Gold around ₹1.60  lakh, Silver near ₹2.85 lakh

Gold and silver prices in India stayed steady, supported by global uncertainties and demand for safe investments.

In domestic markets, 24‑carat gold traded near ₹1,60,000 per 10 grams, while silver hovered around ₹2.85 lakh per kilogram. These levels are similar to the previous session, showing that prices are holding rather than falling sharply.

On the Multicommodity Exchange (MCX), gold futures were around ₹1,57,900 per 10 grams, up slightly by 0.2%, and silver futures were near ₹2,59,700 per kilogram. Internationally, spot gold remained above $5,200 an ounce and silver around $90 an ounce, keeping domestic prices supported.

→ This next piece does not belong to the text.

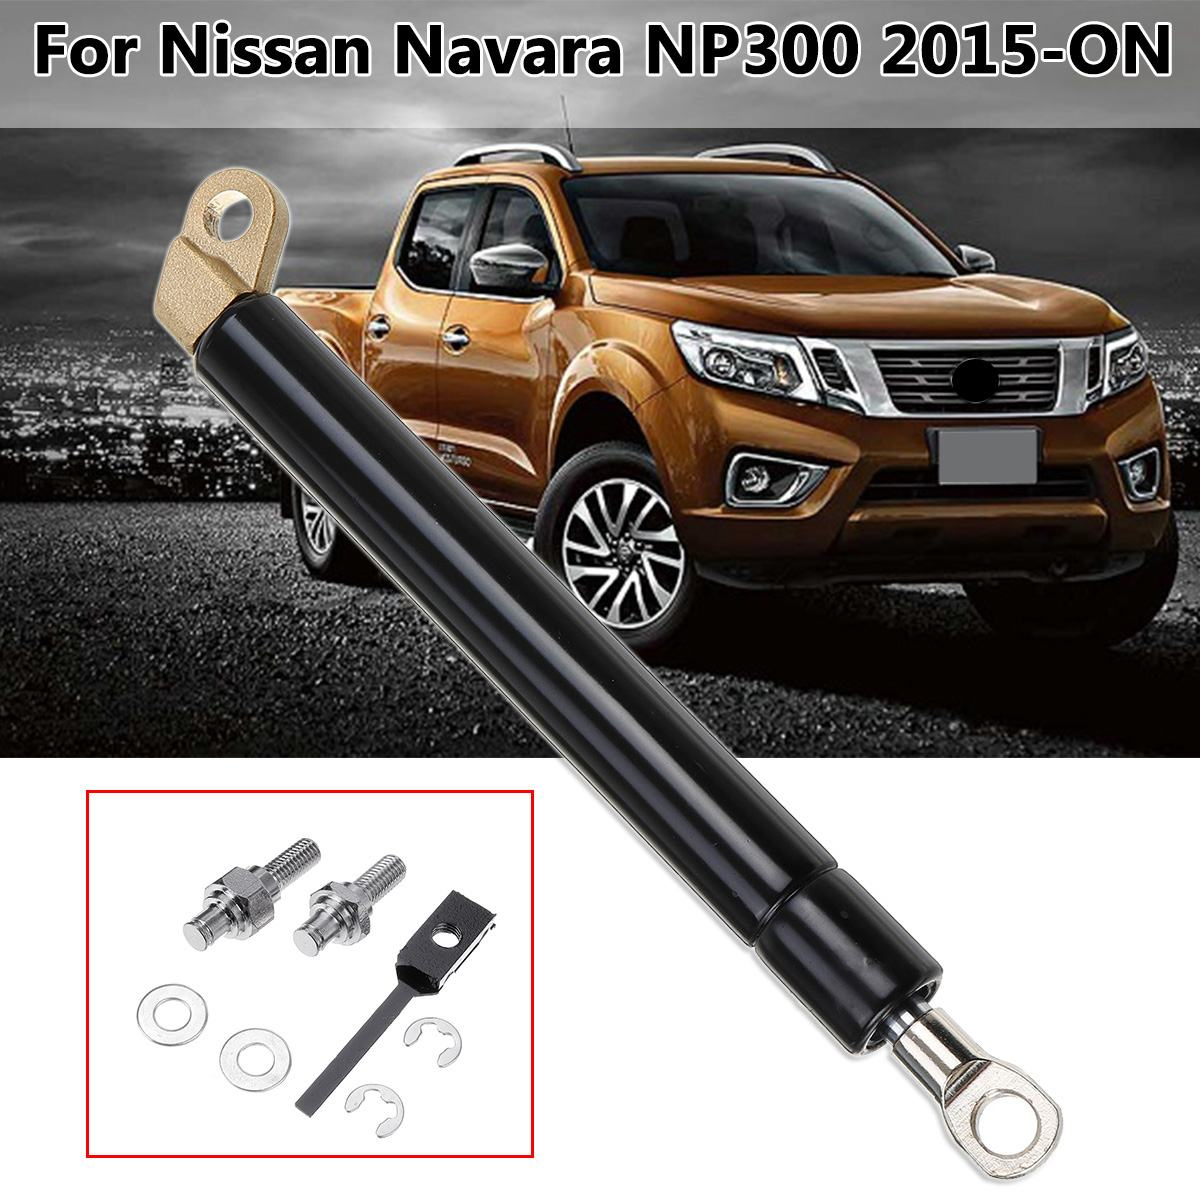 1 Pcs Traseiro Trunk Gas Strut NP300 Liftgate Bagageira Fácil Desacelerar Para Nissan Navara 2015-2019
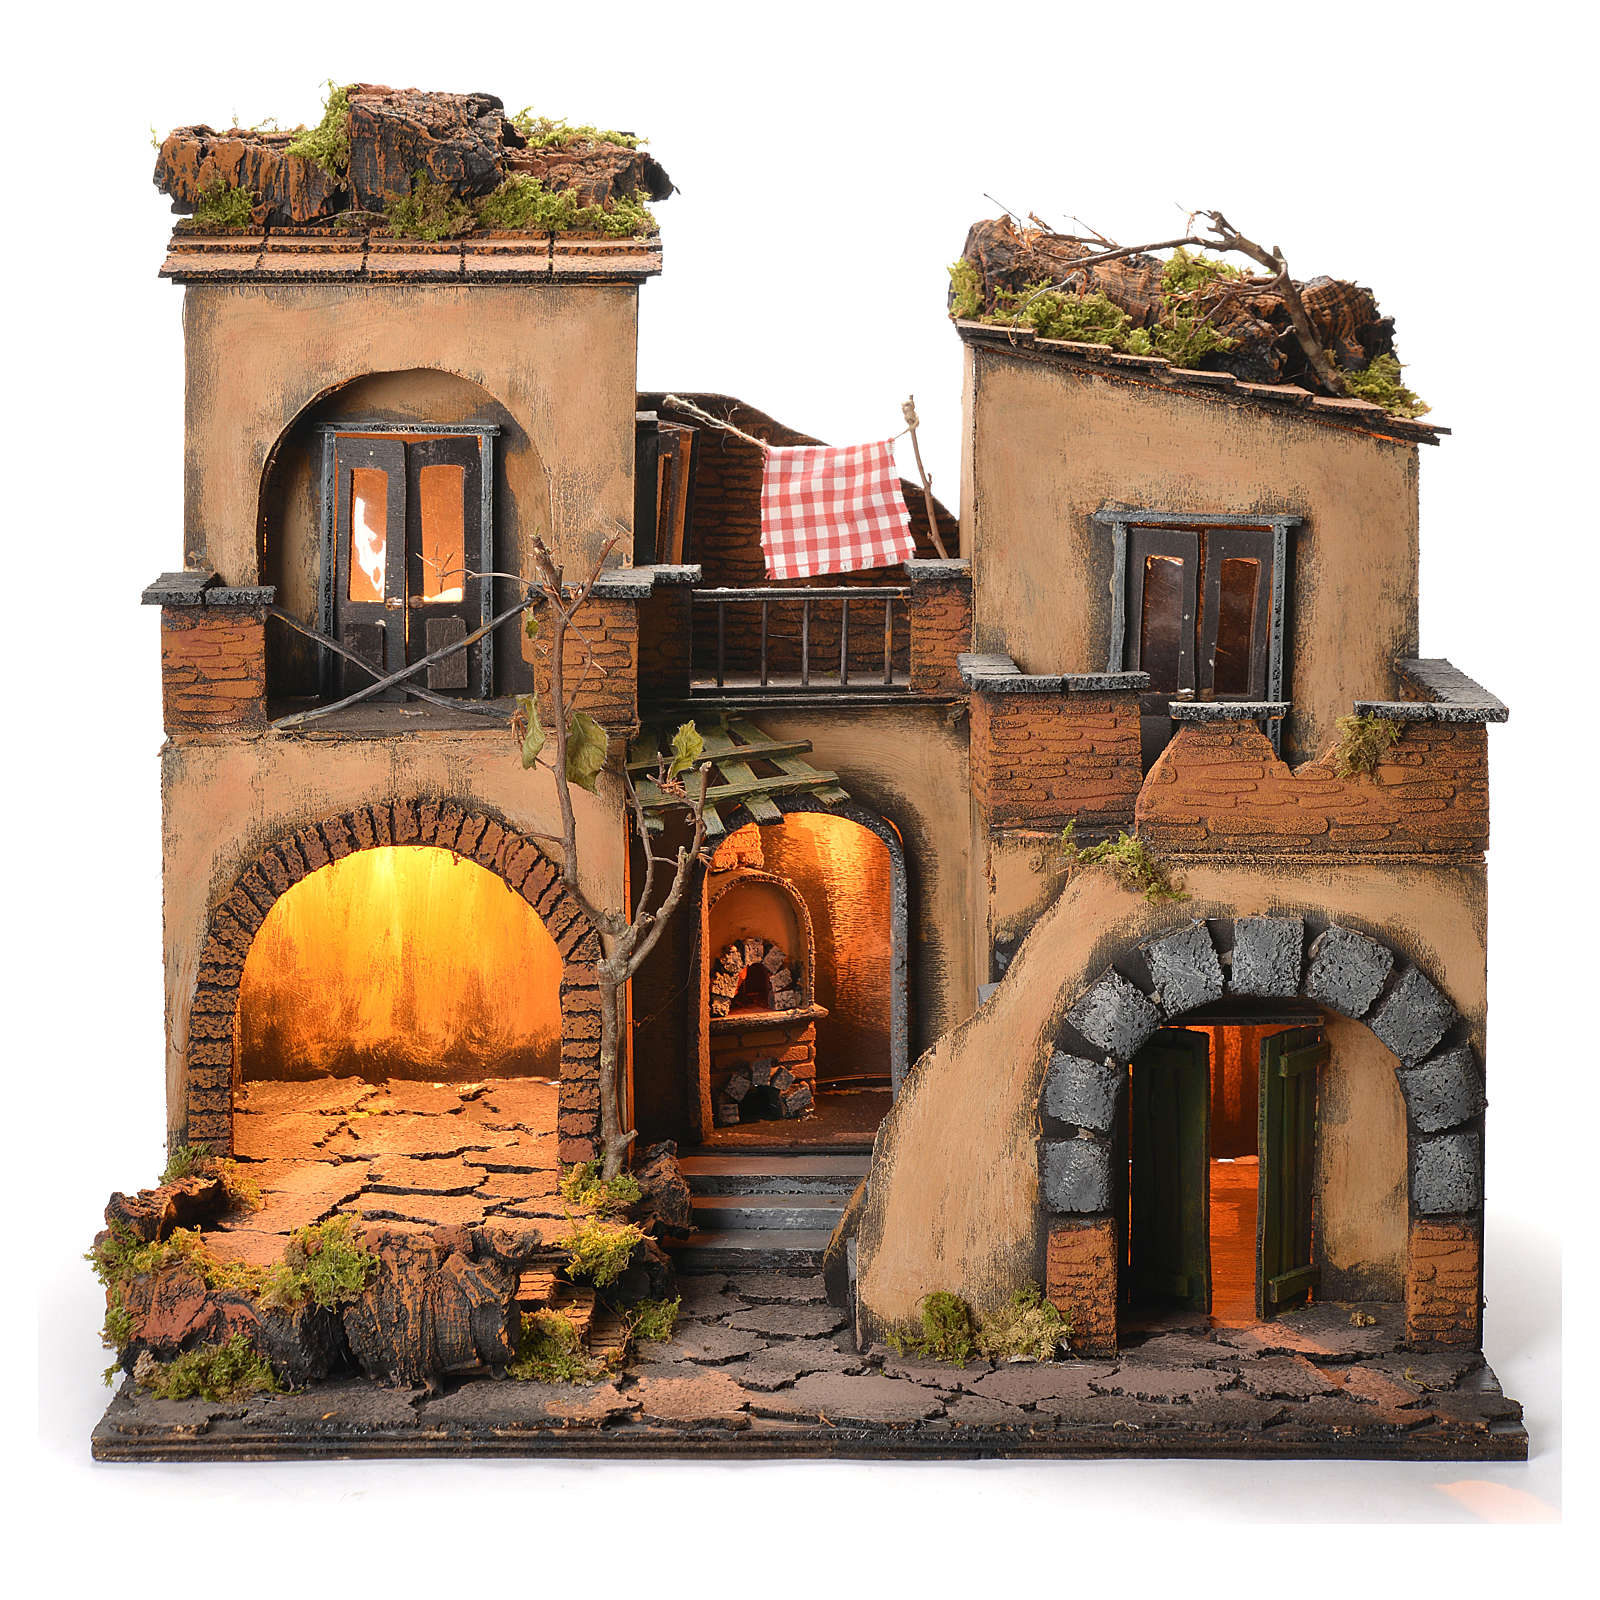 Borgo presepe napoletano stile 700 doppio arco cm 43x40x50 4

City-wise, 24‑carat gold was quoted at about ₹1,60,460–₹1,60,690 per 10 grams in major cities like Chennai, Mumbai, Delhi, Kolkata, and Bangalore. Silver prices ranged between ₹2,65,930 and ₹2,66,320 per kilogram depending on the city and dealer.

Experts say that safe-haven demand is keeping prices stable. Investors often buy gold and silver during uncertain times, such as global political tensions or weak stock markets. At the same time, some short-term traders are booking profits, which keeps prices from rising sharply.

While local prices can vary slightly because of taxes, making charges, and dealer margins, the overall trend is steady. Gold and silver remain attractive for people who want a safe investment or to protect their savings from market ups and downs.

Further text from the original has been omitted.